Scrive Liz Jones Diary del Mail On Sunday: «La critica in estasi: “Lo show della stagione! Monumentale!”, strombazza Vogue.com, a proposito della sfilata maschile parigina di Rick Owens per la primavera/estate 2018. La stella è un modello così scarno che le orecchie sembrano giganti, testa rasata, faccia emaciata, zigomi così affilati da grattugiarci il parmigiano, costole a vista. Sembra il sopravvissuto di un campo di concentramento. […] L’ossessione per i modelli magrissimi non è nuova, ma ora siamo andati oltre. Non vedono mai il sole, non fanno attività fisica, sembrano malati terminali. Si tratta, mi dicono gli interni, di giovani fieri di non stare in salute perché vivono virtualmente. E i loro stilisti pure, hanno abbandonato il mondo reale, sono virtuali, sono fantasmi. Non c’è nessuno che ne accorga? A parte l’organizzazione All Walks Beyond the Catwalk, che dichiara: “I modelli fanno fatica a riconoscere la loro vulnerabilità e tentano di mantenere il corpo alla moda. Sono sottopeso in modo scioccante, ma è un nuovo look per vendere più vestiti”. Sono cadaveri guidati dal commercio. Si notano e gli altri li copiano».
È il Capitalismo, bellezza! Insomma, bellezza per modo di dire…
«Un look che farebbe girare parecchio le palle a Primo Levi», ha commentato qualcuno sul mio profilo Facebook. Non c’è dubbio. D’altra parte Levi forse capì, o quantomeno intuì, che la radice del Male che aveva generato lo sterminio della guerra e dei campi di concentramento non fosse stata estirpata dai cosiddetti liberatori, e che anzi essa fosse più profonda e più viva che mai, nonostante le apparenze contrarie e la retorica intorno all’irripetibilità di quell’orrore. In ogni caso, non voglio sostenere che tra l’anoressico modello che sfila a Parigi e lo scheletrico prigioniero di Auschwitz non corra alcuna differenza; intendo piuttosto dire che entrambi, a loro modo e nelle circostanze date (insomma, mutatis mutandis), ci restituiscono l’immagine dello stesso mondo irrazionale, che è tale in grazia della sua radicale disumanità. La sostanza irrazionale e disumana di un mondo che ruota sempre più vorticosamente intorno al Sole-Denaro si manifesta in molteplici modi, e spesso tocca alla scienza medica (dalla psichiatria alla psicoanalisi, dalla chirurgia alla farmacologia) prenderne atto in modo del tutto empirico, senza altro obiettivo che non sia quello di riparare danni e metterci nelle condizioni di continuare la corsa. Ecco perché a mio avviso non è “blasfemo” né fuori luogo esclamare anche nel caso qui trattato: Se questo è un uomo! Con una semplice quanto essenziale avvertenza: qui si parla di noi, di tutti noi, non dell’eccezione che ci invita a spalancare gli occhi sulla cosiddetta normalità.
Caro Levi, questo è un uomo.
Oltre ogni critica al costume, caro Levi, soltanto questa umanità, e non altre, dinanzi al dispiegarsi storico della disumanità, della reificazione generale, può trovare il modo per andare oltre senza guardarsi alla spalle.
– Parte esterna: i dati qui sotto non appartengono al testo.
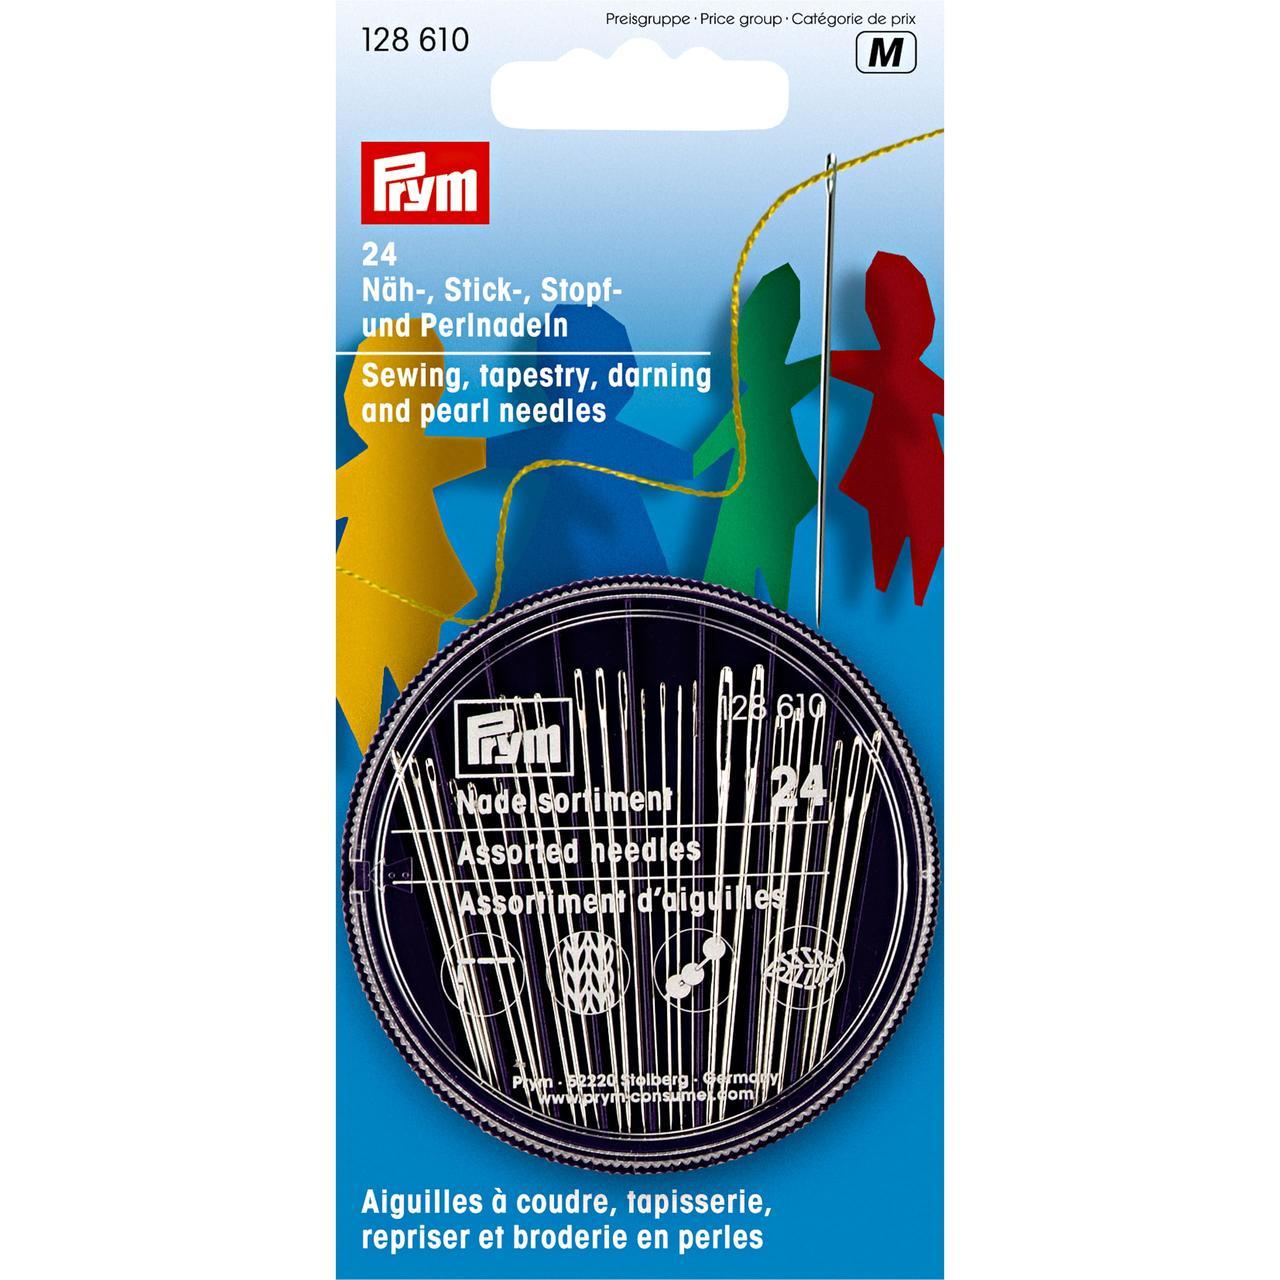 Иглы ручные для шитья Prym 128610 (24 шт.)

Per gli uomini “cadaveri guidati dal commercio” e per i cadaveri generati dal commercio che è all’ordine del giorno l’abolizione dello stato di cose esistente.
Cosa sono i proletari se non cadaveri – alienati della loro capacità lavorativa – guidati dal commercio? Sono forse dei Miserabili? Allora è auspicabile che siano proprio questi Miserabili, negando la loro essenza di classe, a porre fine all’irrazionalità capitalista.
Molto ben detto: che il morto afferri la vita!